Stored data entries

────

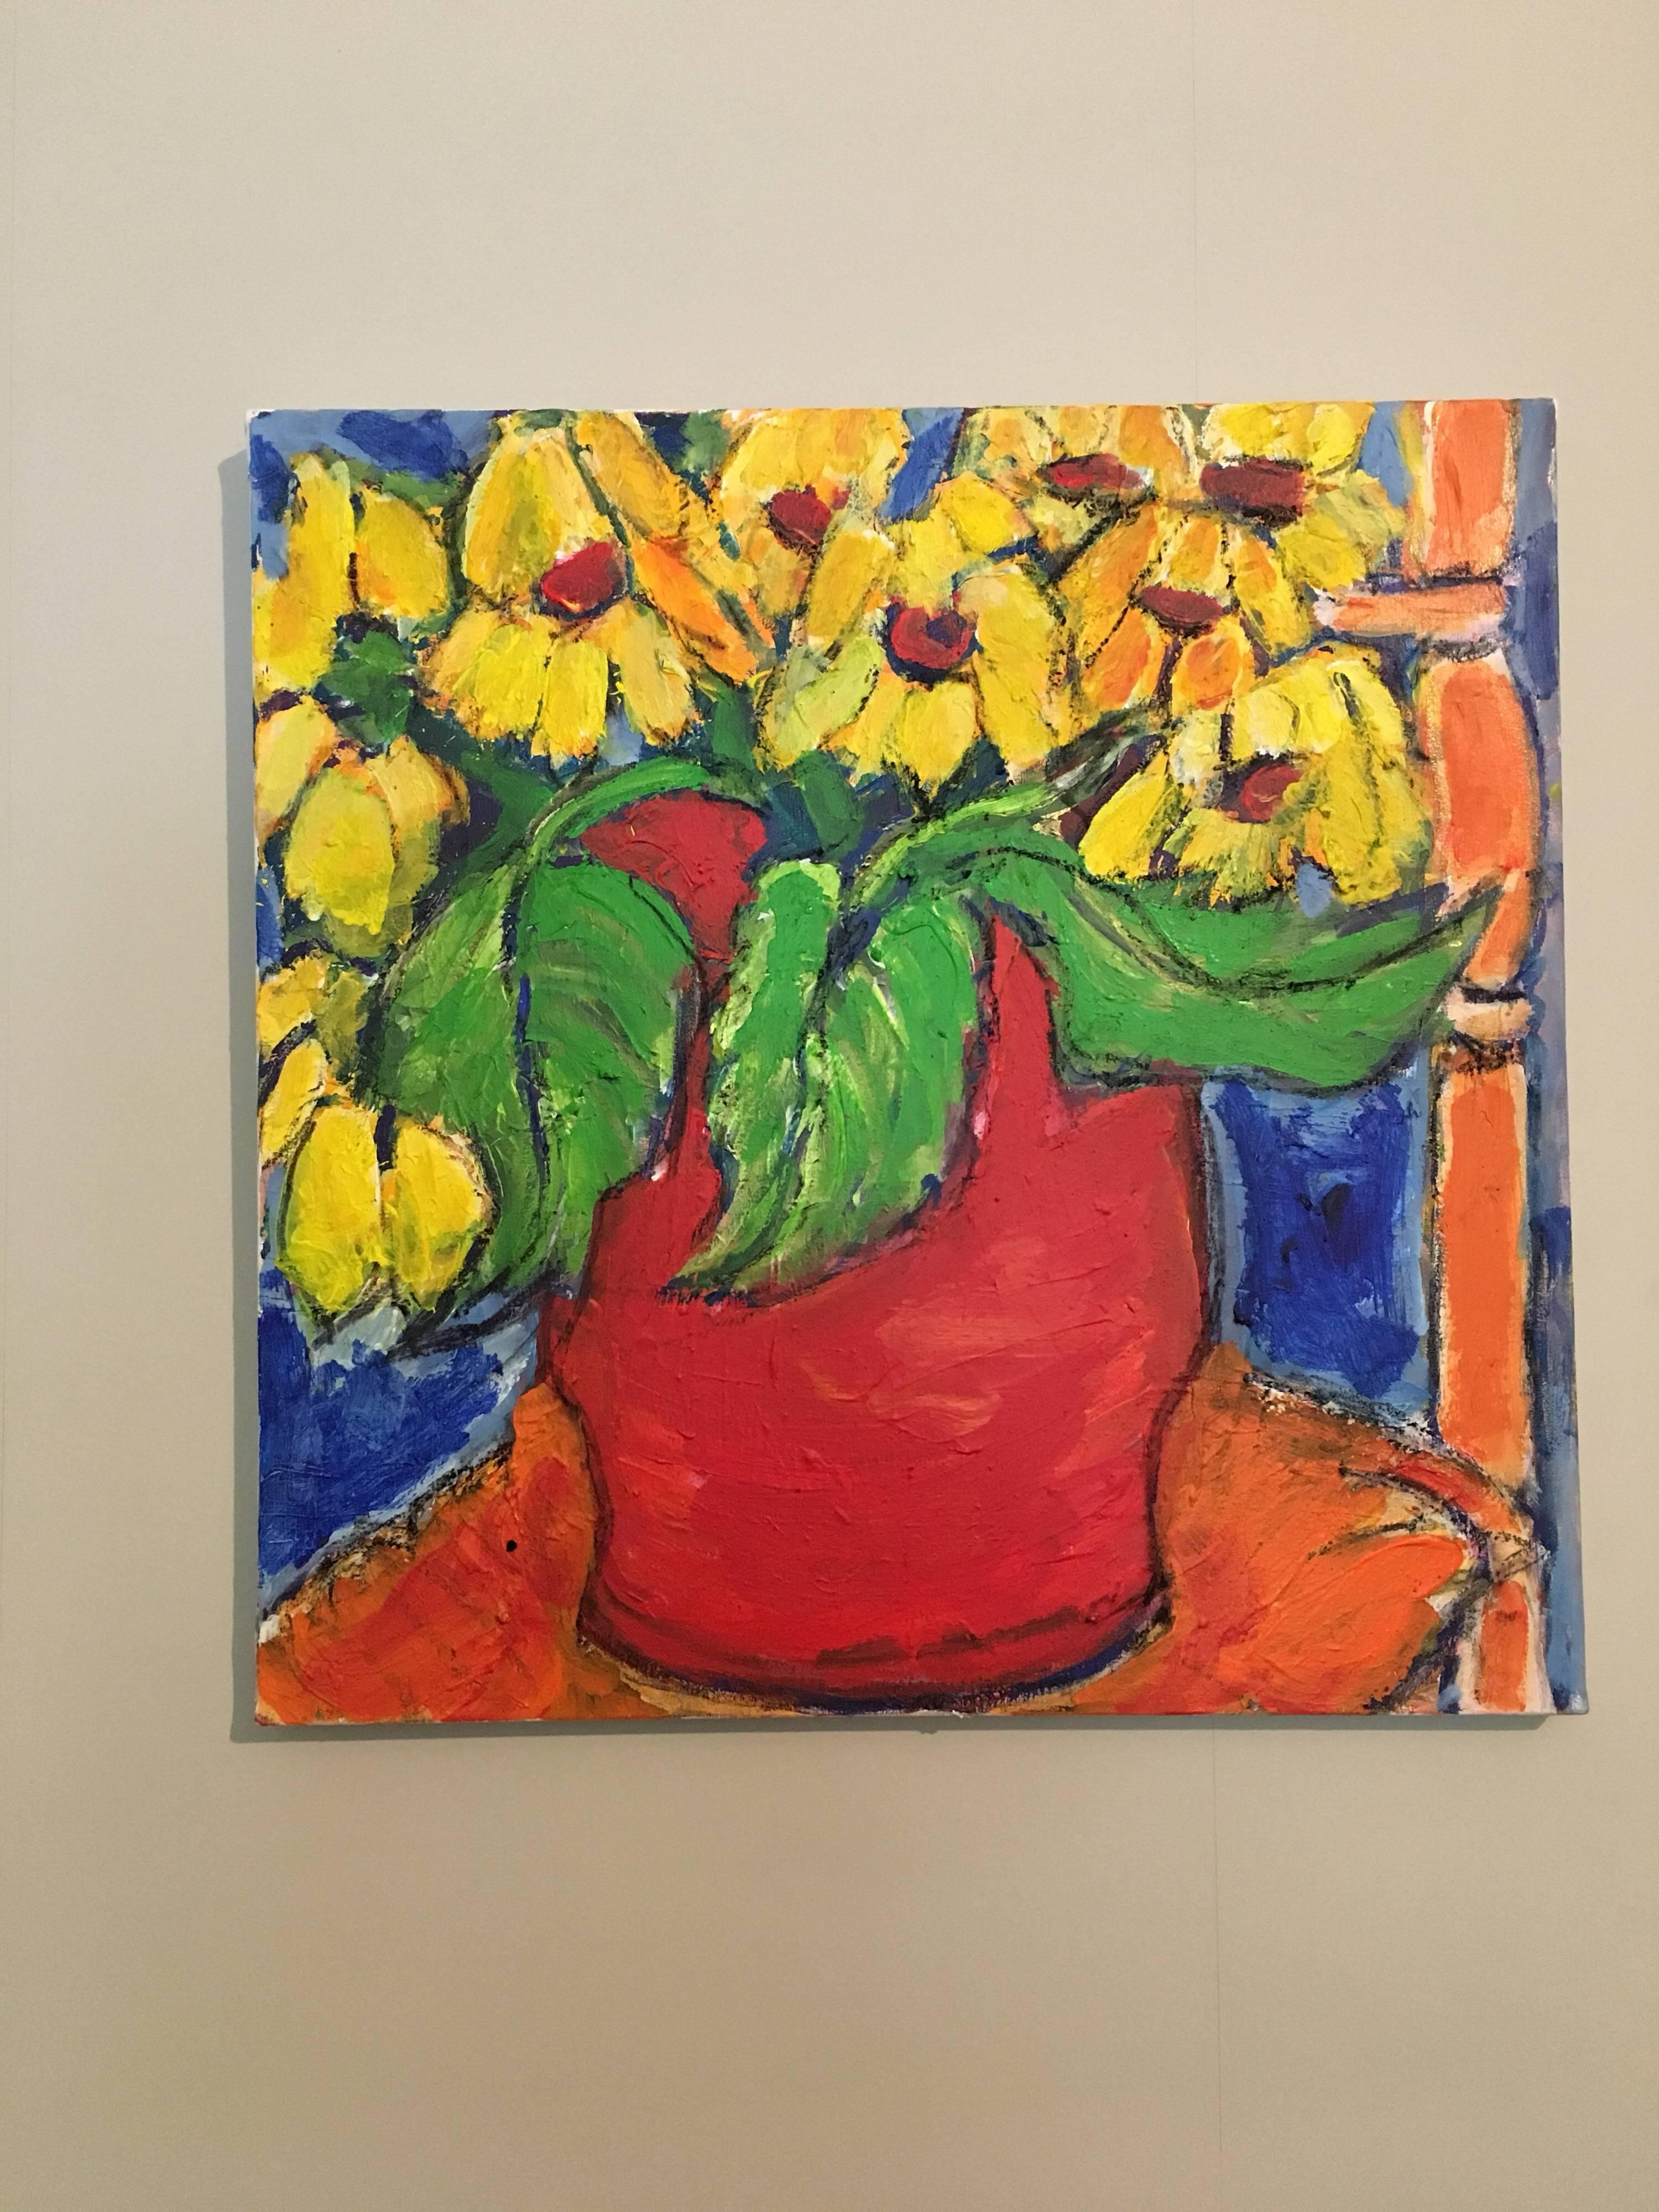 Sonnenblumen
von Pamela Cawley, Britin, 20. Jahrhundert
ölgemälde auf Leinwand, ungerahmt

leinwand: 23,5 x 23,5 Zoll 

Beeindruckendes originales impressionistisches Ölgemälde der britischen Künstlerin Pamela Cawley aus dem 20. Das Werk hat eine

────

* _What the exercise asks_
Across the entries above, find each line with the word "Cawley" and please copy it out.

* _Exercise answer_
von Pamela Cawley, Britin, 20. Jahrhundert
Beeindruckendes originales impressionistisches Ölgemälde der britischen Künstlerin Pamela Cawley aus dem 20. Das Werk hat eine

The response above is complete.